(Data provided)
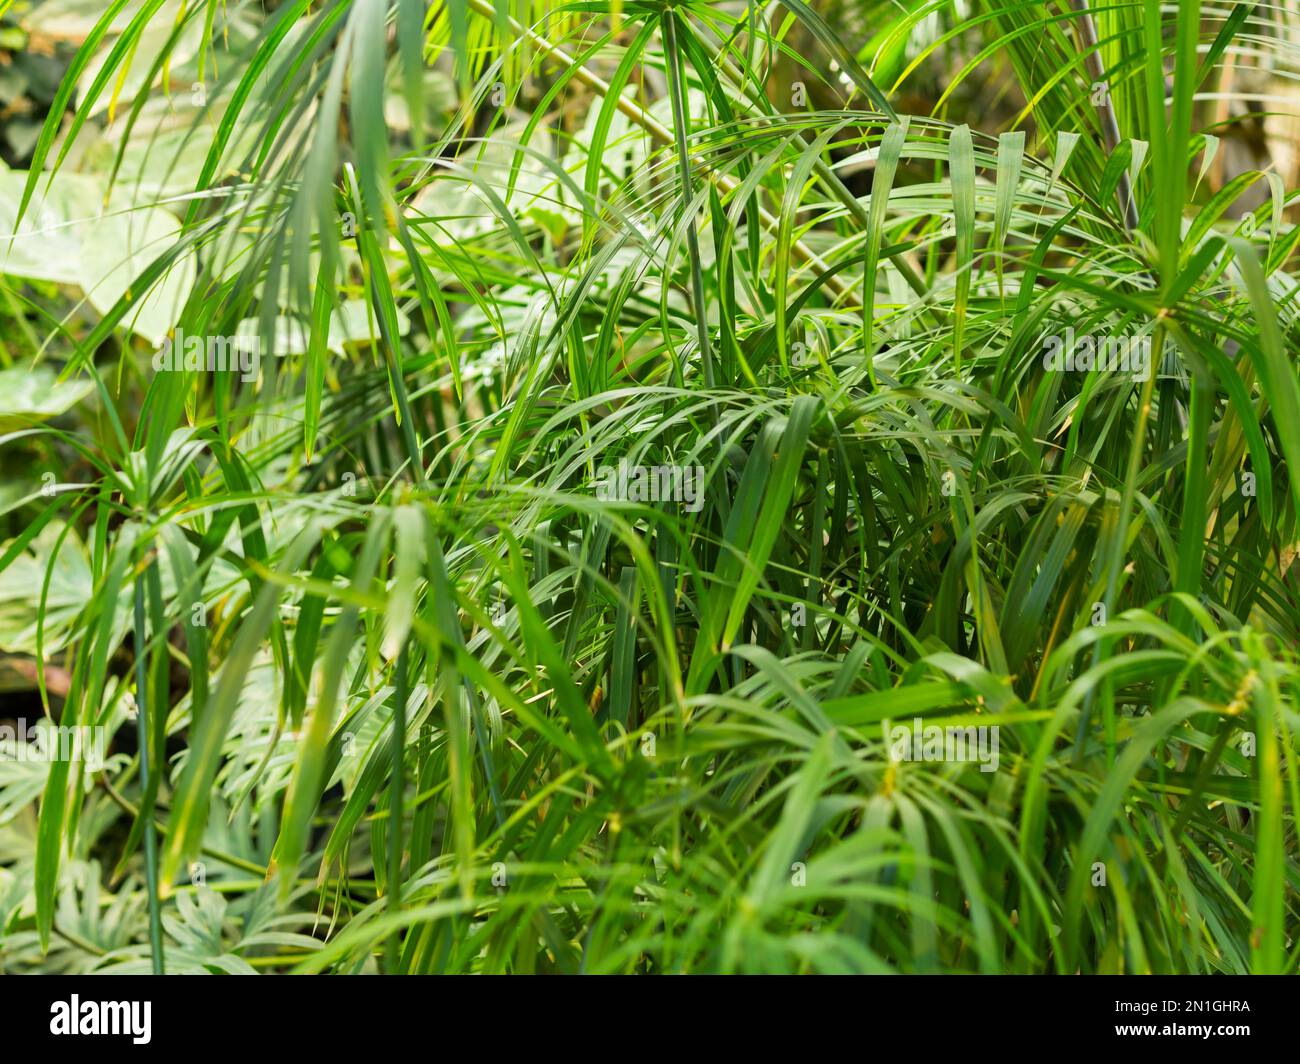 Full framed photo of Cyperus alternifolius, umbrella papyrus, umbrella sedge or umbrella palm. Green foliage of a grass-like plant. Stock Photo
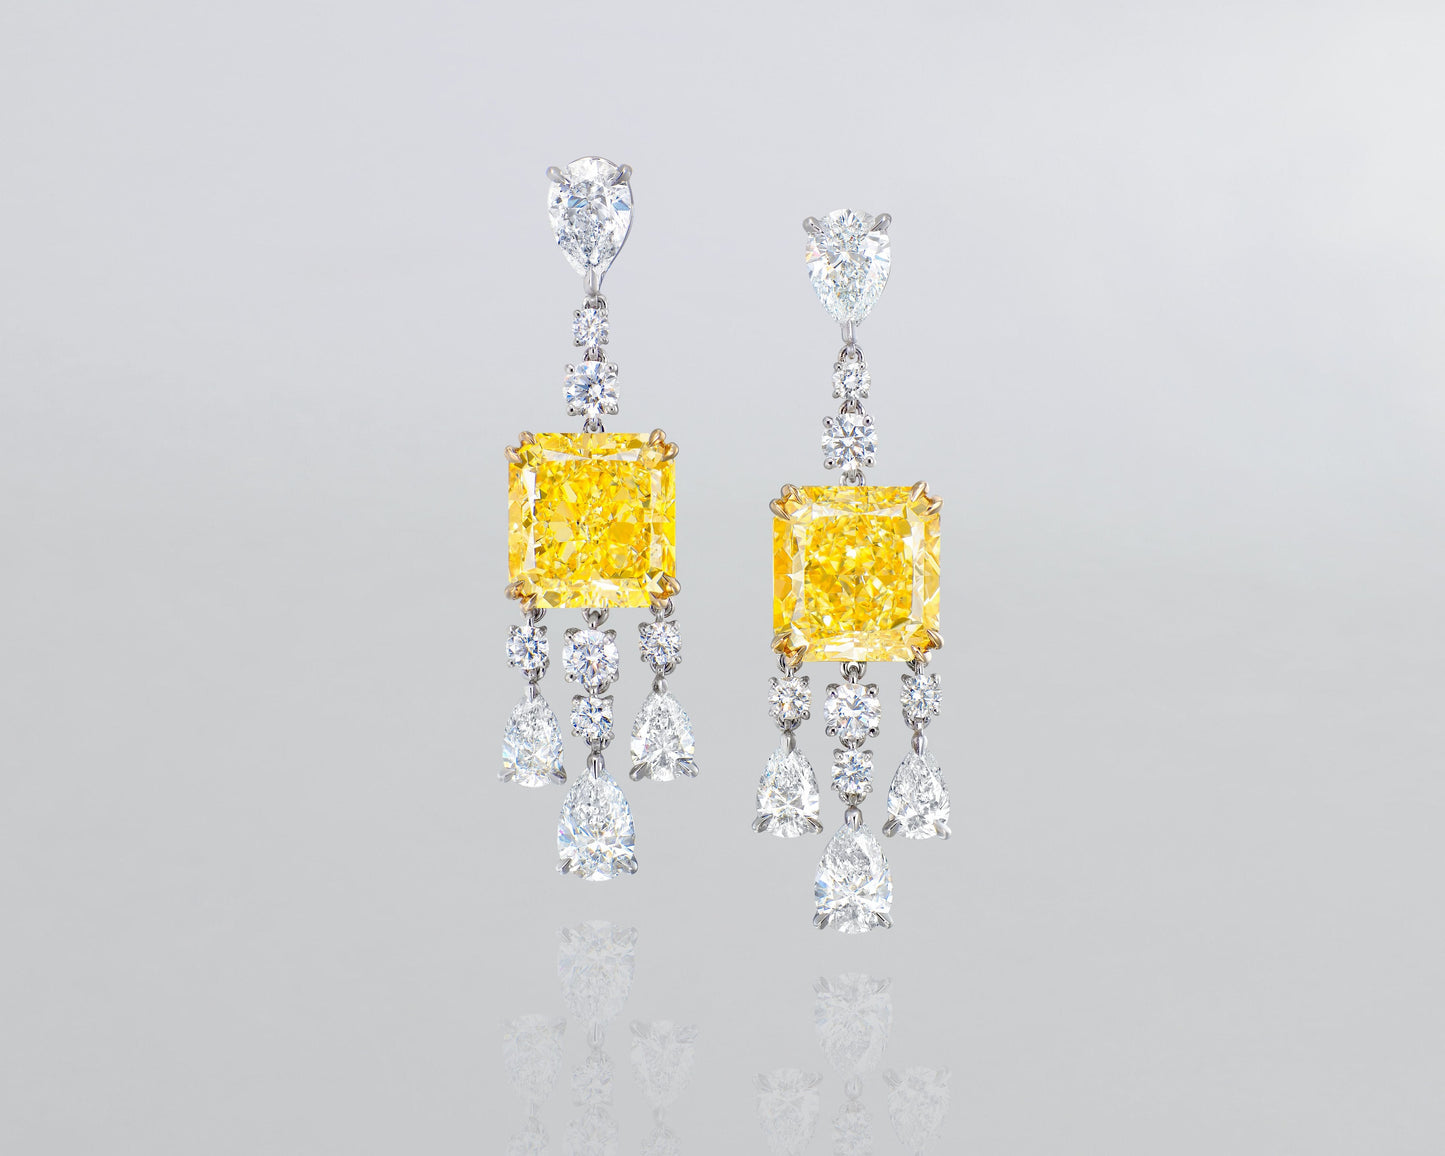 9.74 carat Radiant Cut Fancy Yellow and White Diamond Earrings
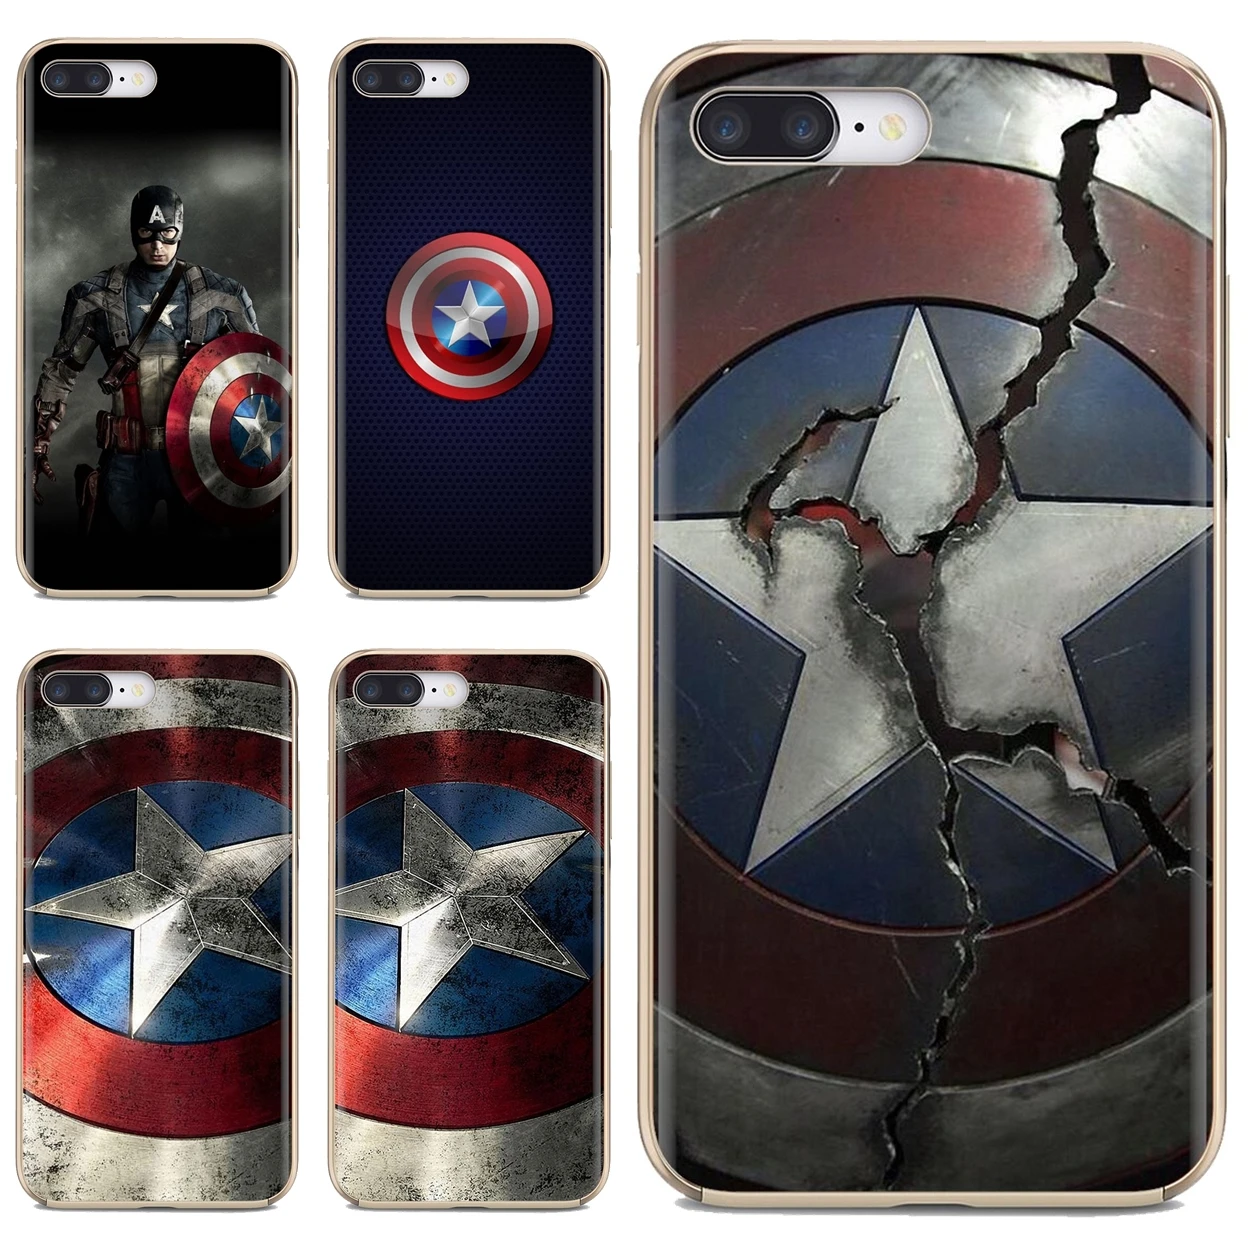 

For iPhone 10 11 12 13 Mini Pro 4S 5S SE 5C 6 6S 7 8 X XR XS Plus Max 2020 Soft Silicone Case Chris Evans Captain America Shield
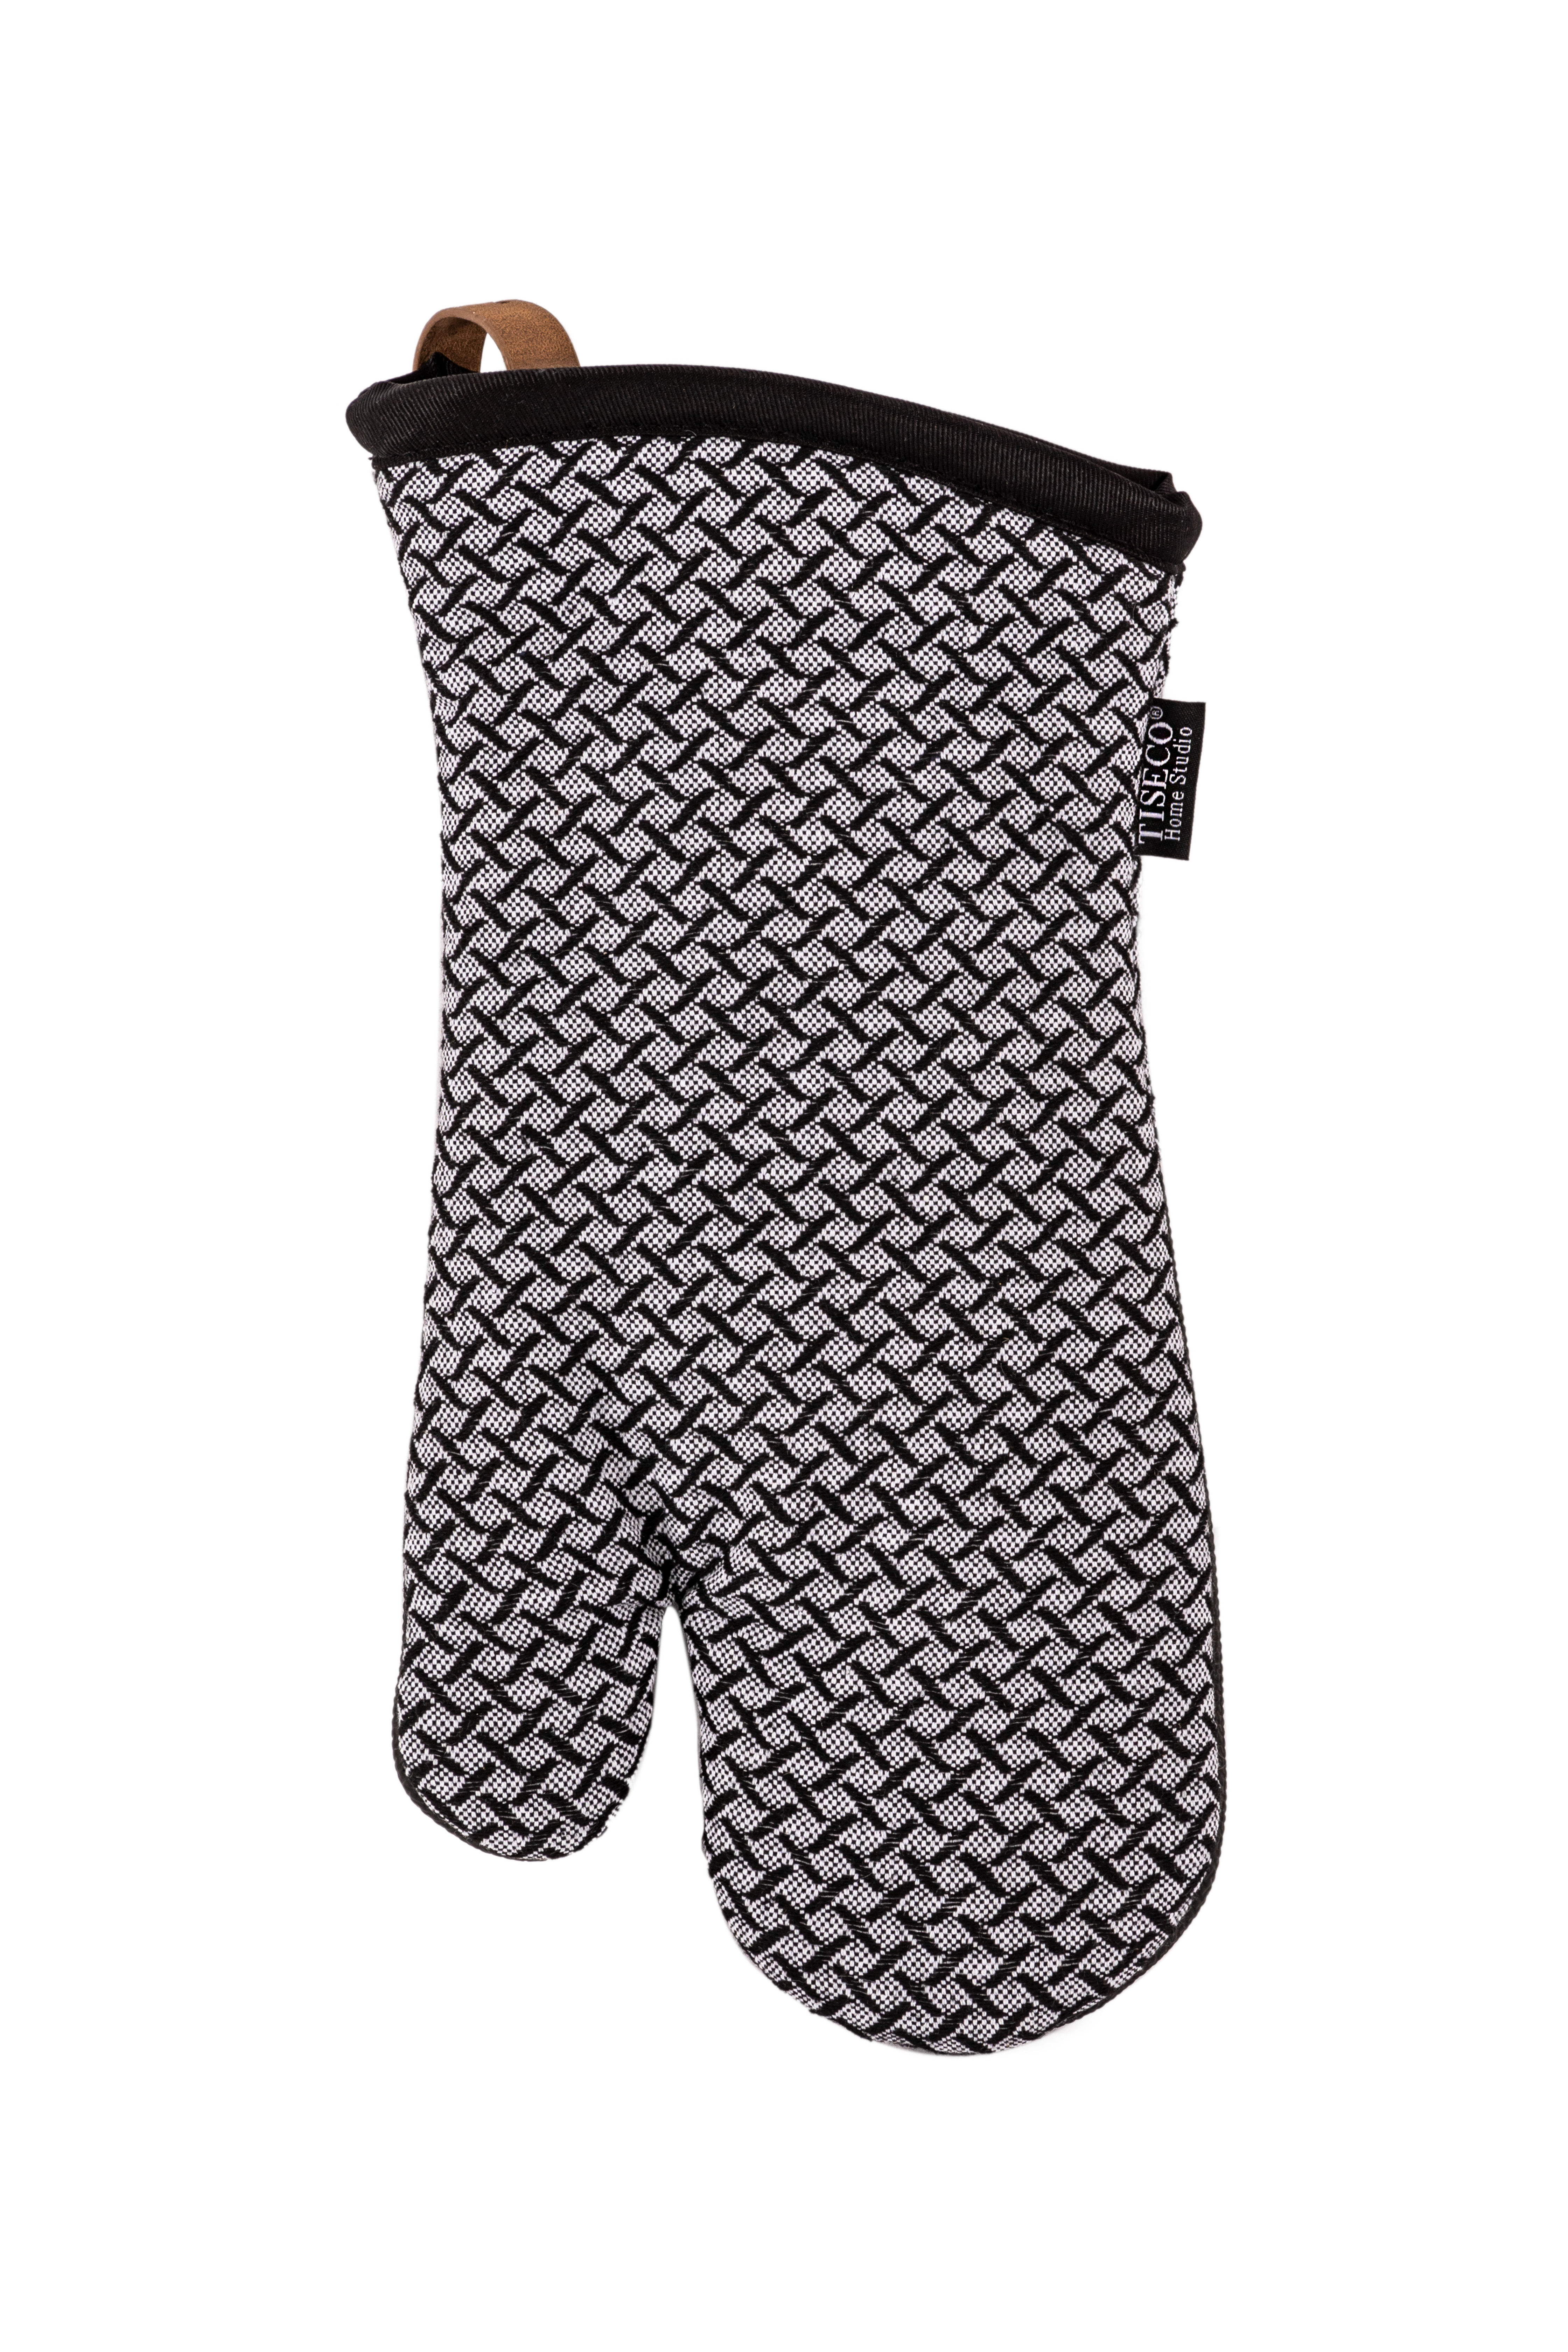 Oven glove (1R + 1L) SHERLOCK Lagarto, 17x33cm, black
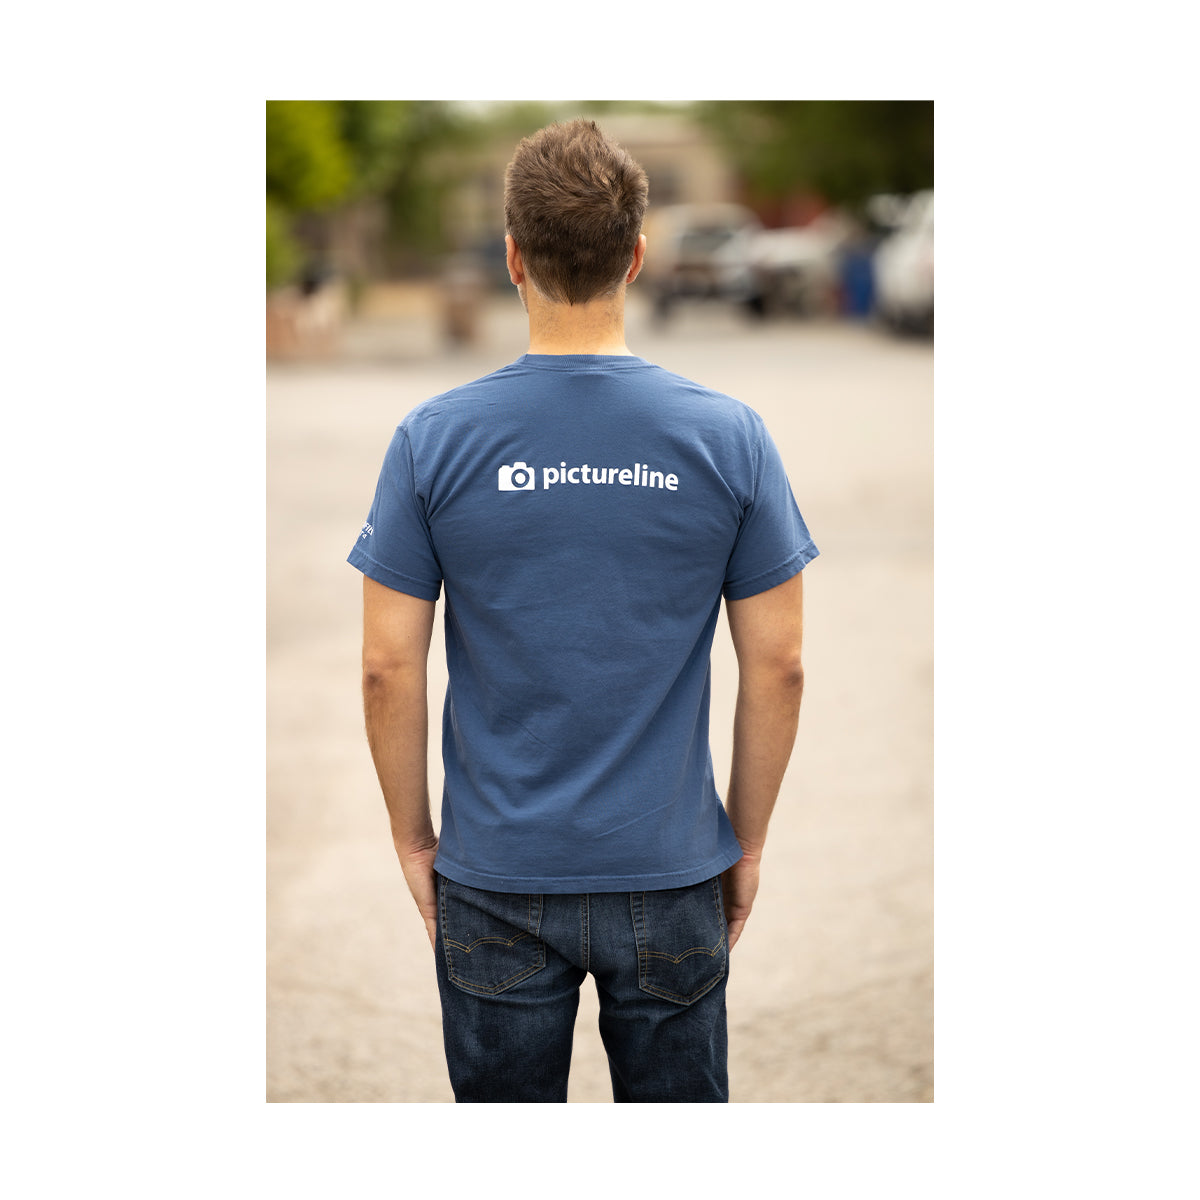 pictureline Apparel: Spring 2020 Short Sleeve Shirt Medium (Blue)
(End Data provided)
◆ **Task objective**:
What is needed is every record above, returned exactly, with the pictures omitted.

◆ **Exercise answer**:
 Full framed photo of Cyperus alternifolius, umbrella papyrus, umbrella sedge or umbrella palm. Green foliage of a grass-like plant. Stock Photo
 9.74 carat Radiant Cut Fancy Yellow and White Diamond Earrings

For iPhone 10 11 12 13 Mini Pro 4S 5S SE 5C 6 6S 7 8 X XR XS Plus Max 2020 Soft Silicone Case Chris Evans Captain America Shield
 Oven glove (1R + 1L) SHERLOCK Lagarto, 17x33cm, black
 pictureline Apparel: Spring 2020 Short Sleeve Shirt Medium (Blue)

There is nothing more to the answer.